▸ Provided material
++++++++
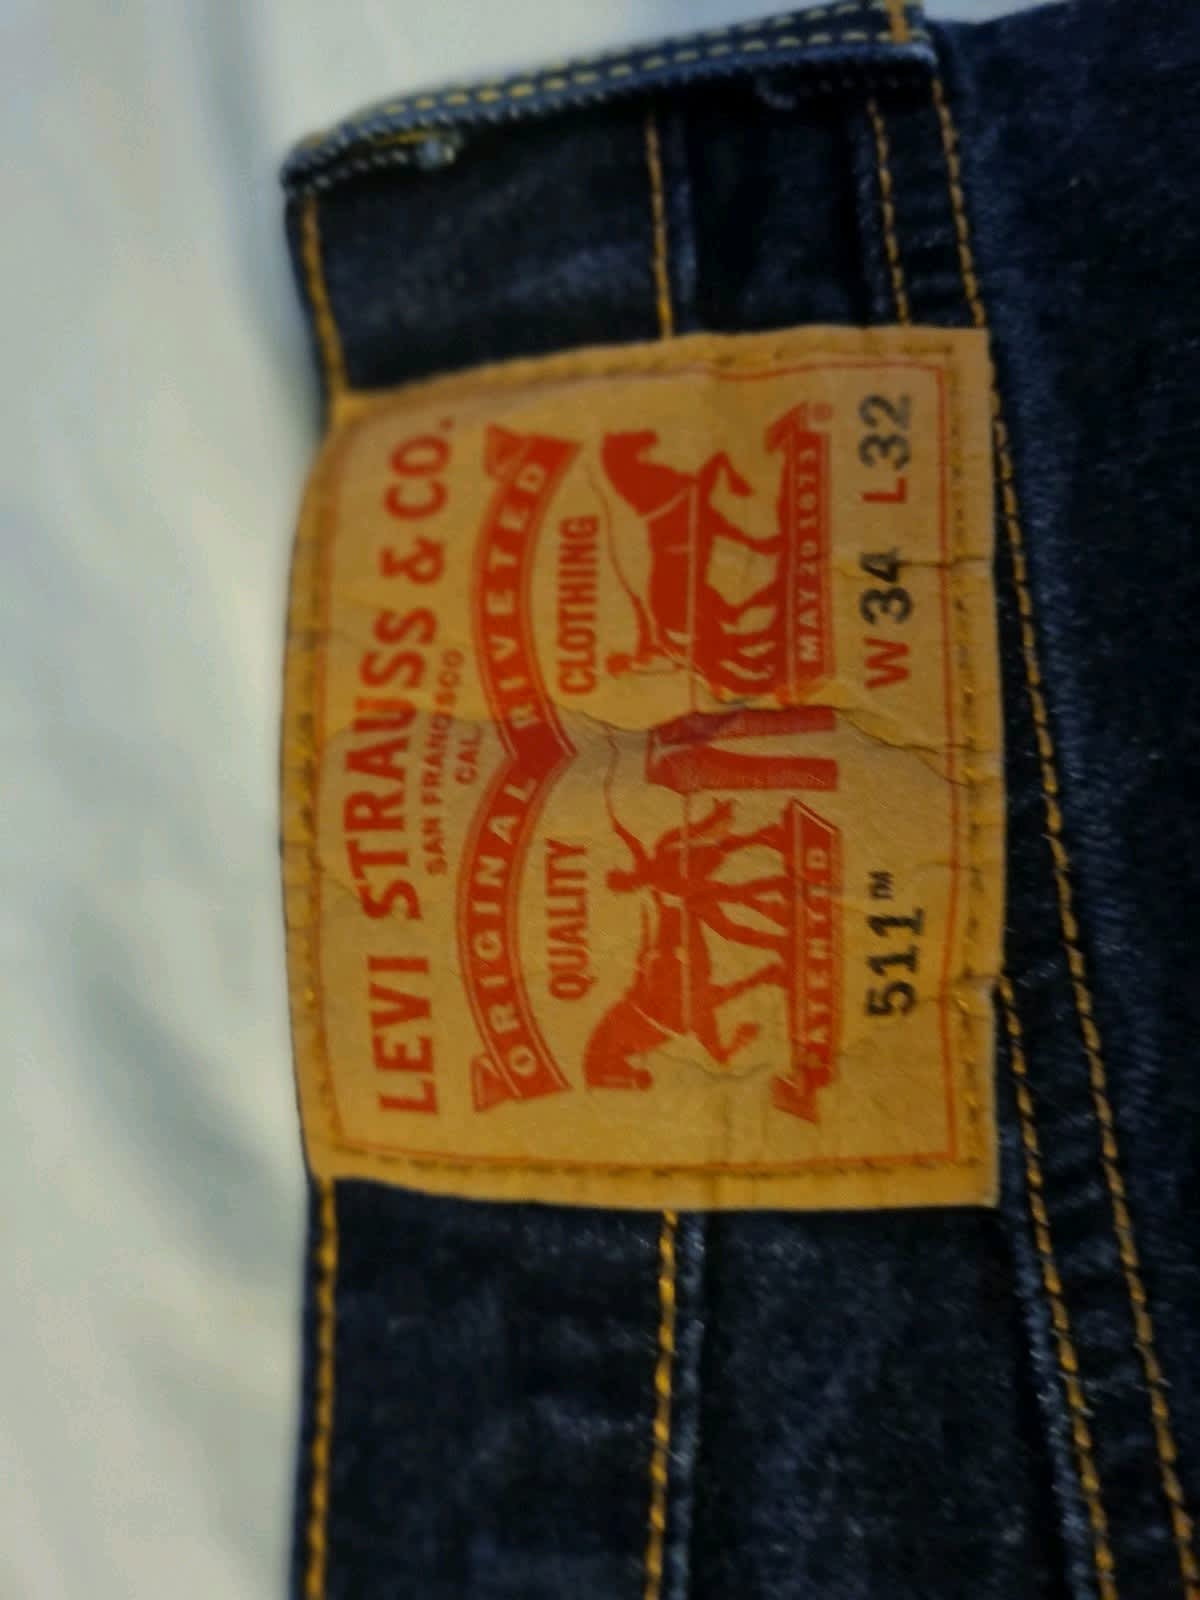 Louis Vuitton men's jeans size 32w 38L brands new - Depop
++++++++
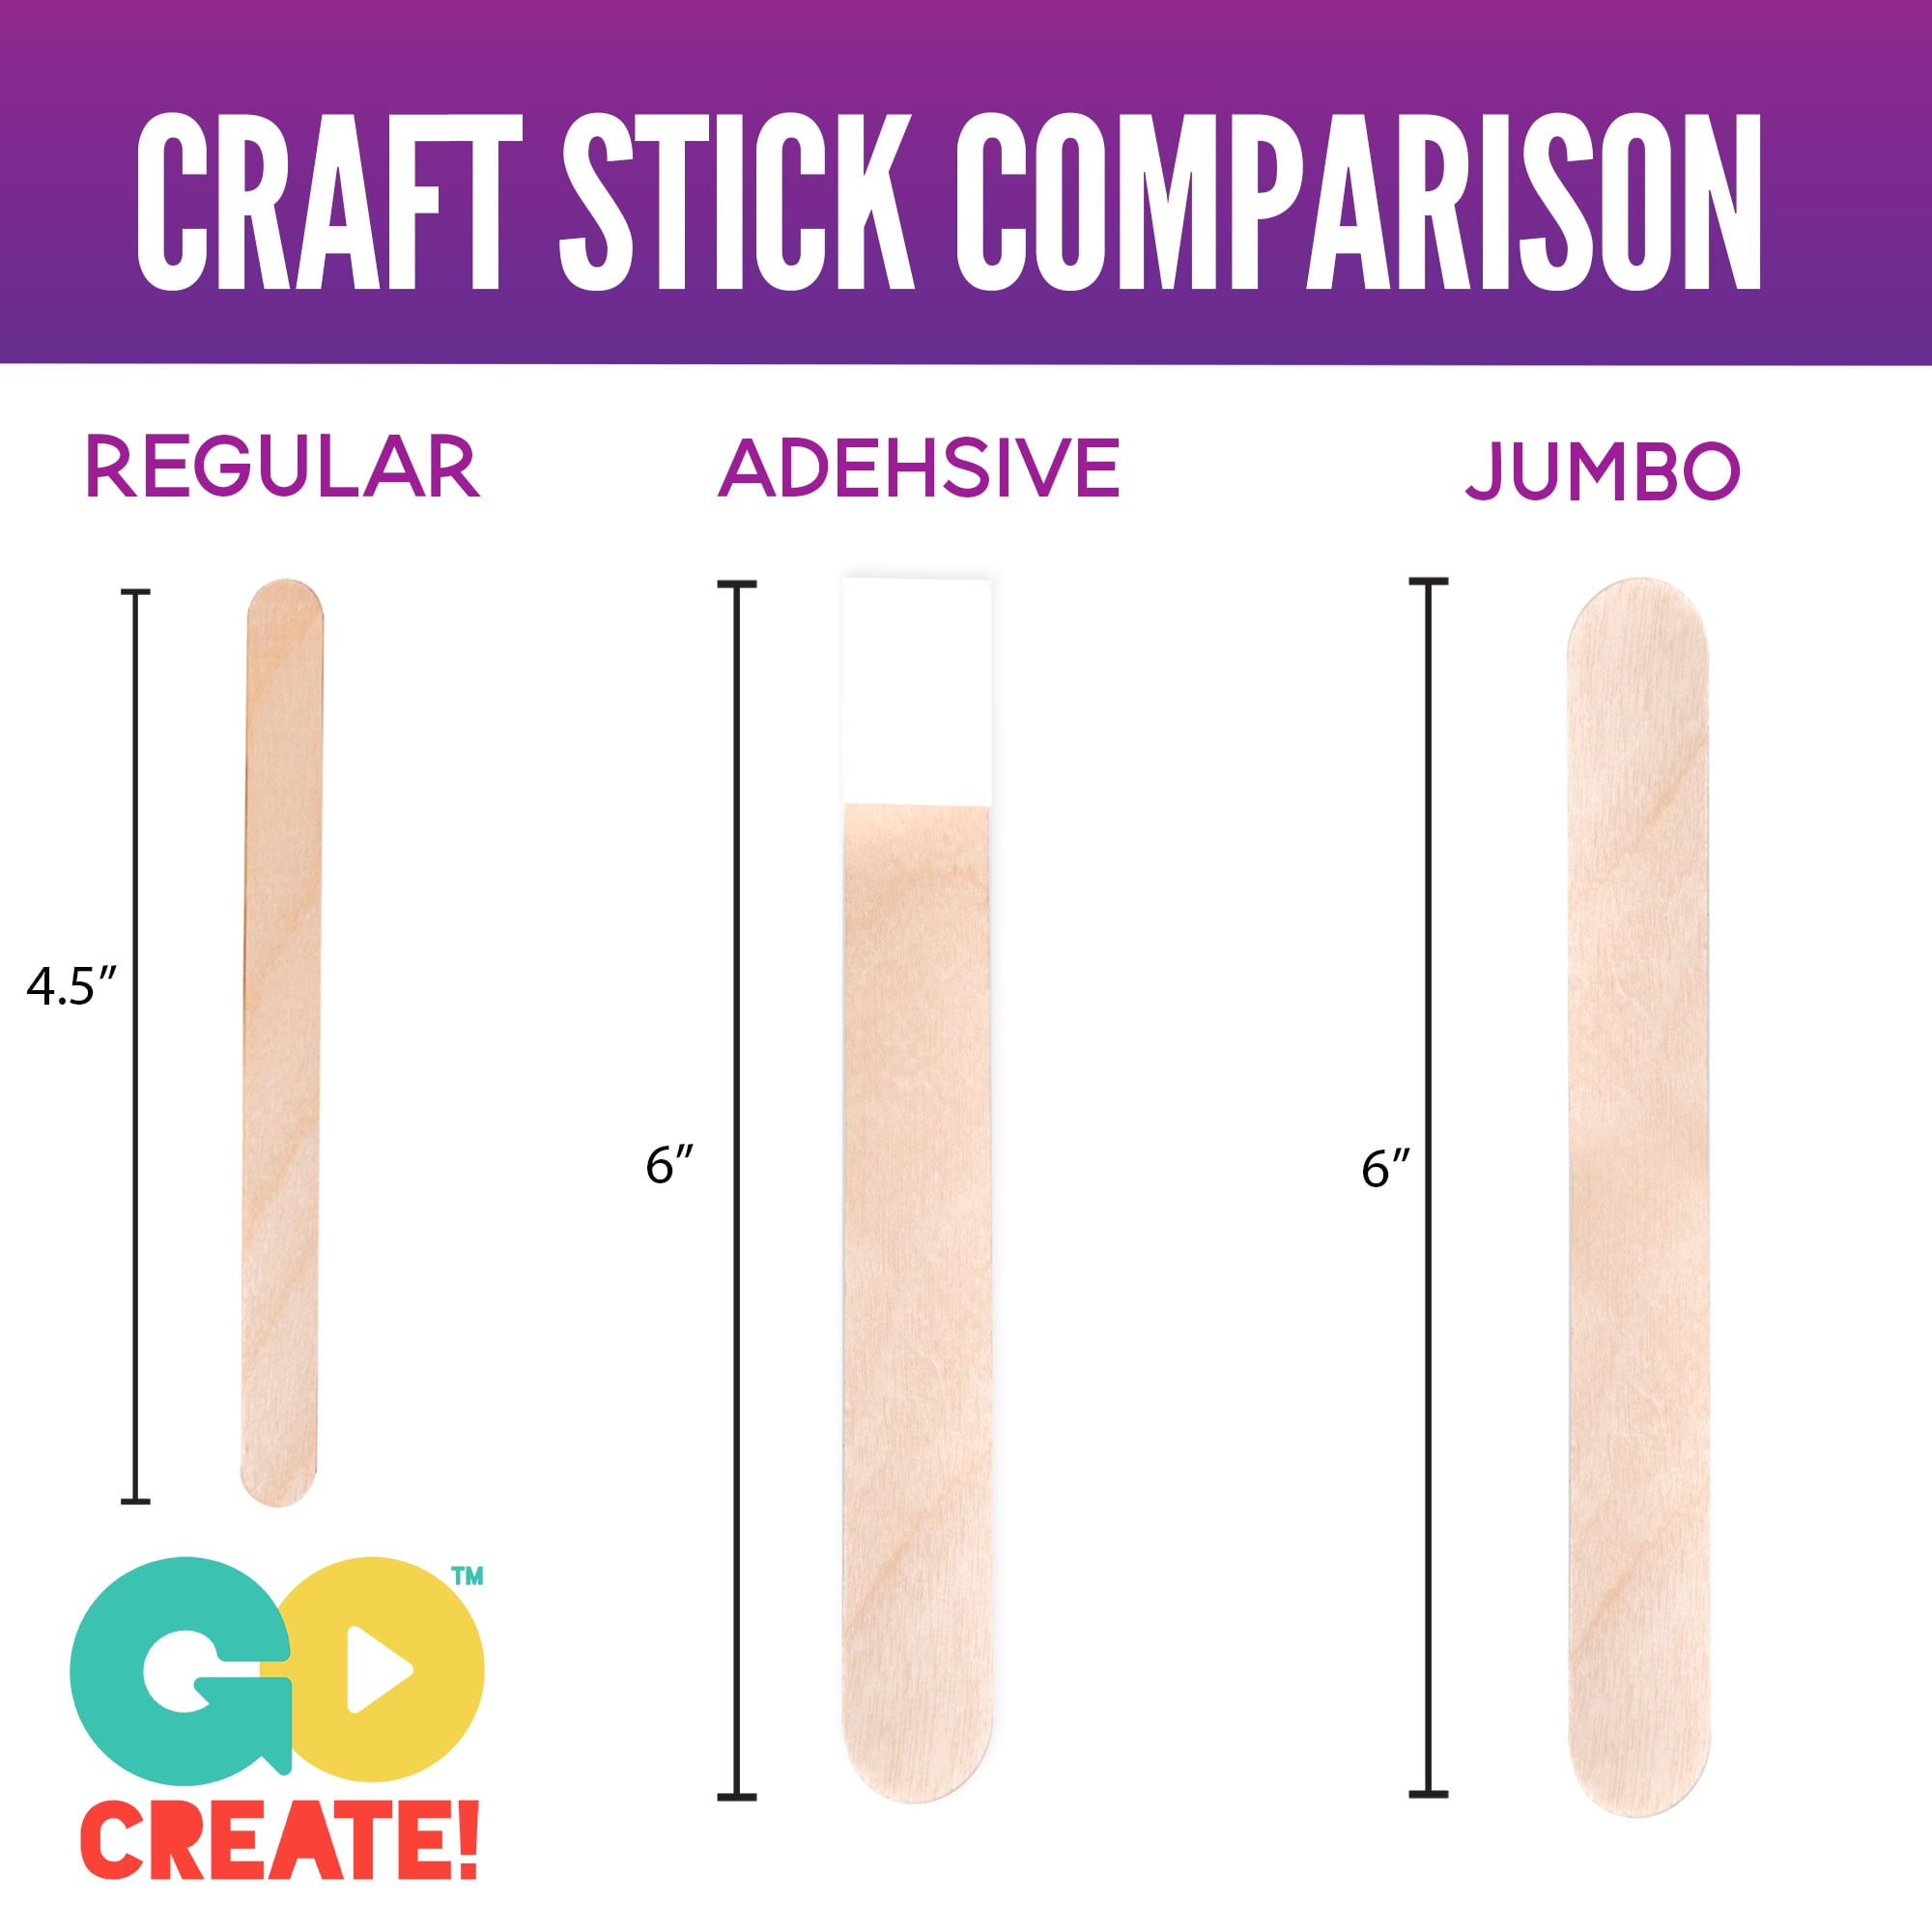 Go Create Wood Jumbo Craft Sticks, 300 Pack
++++++++
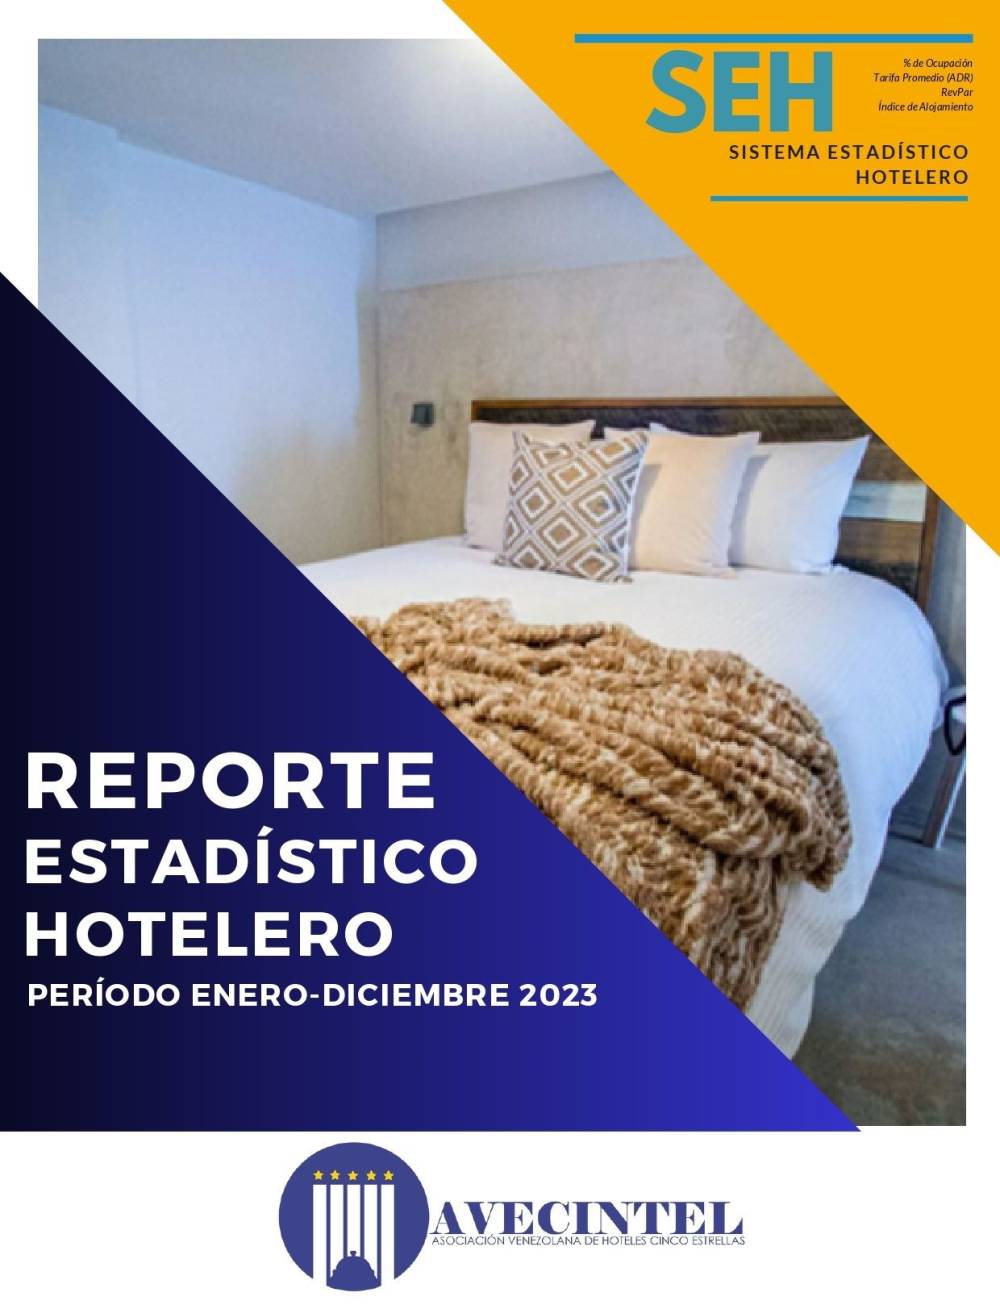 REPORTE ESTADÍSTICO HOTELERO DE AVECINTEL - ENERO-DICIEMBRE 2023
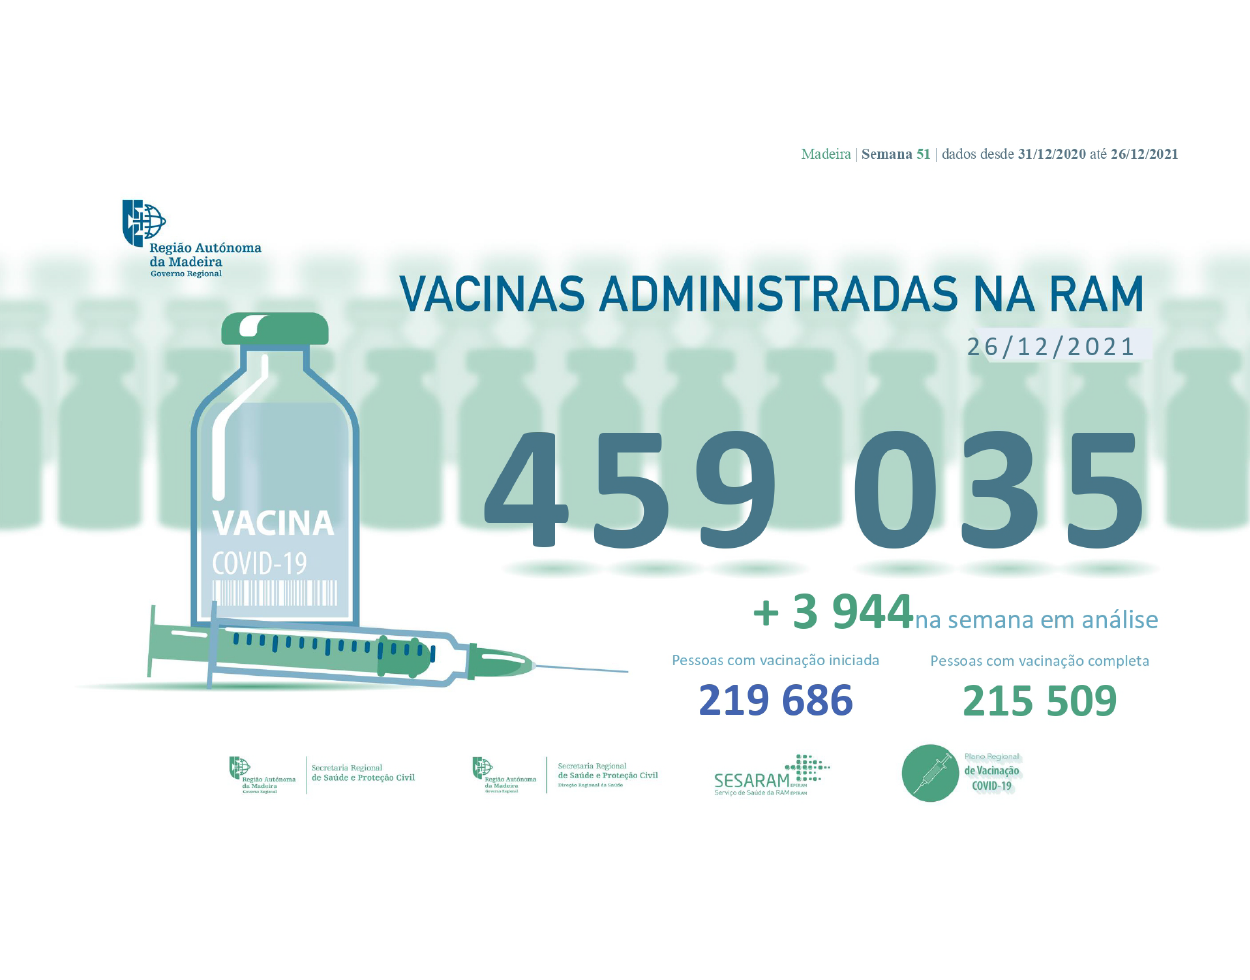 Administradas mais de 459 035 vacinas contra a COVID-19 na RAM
++++++++
▸ What you are asked to do
Print, exactly and with no pictures, the lines of the listing above starting at the one that has "REPORTE ESTADÍSTICO HOTELERO" and ending at the one that has "Administradas mais de", both included.

▸ Output below
 REPORTE ESTADÍSTICO HOTELERO DE AVECINTEL - ENERO-DICIEMBRE 2023
 Administradas mais de 459 035 vacinas contra a COVID-19 na RAM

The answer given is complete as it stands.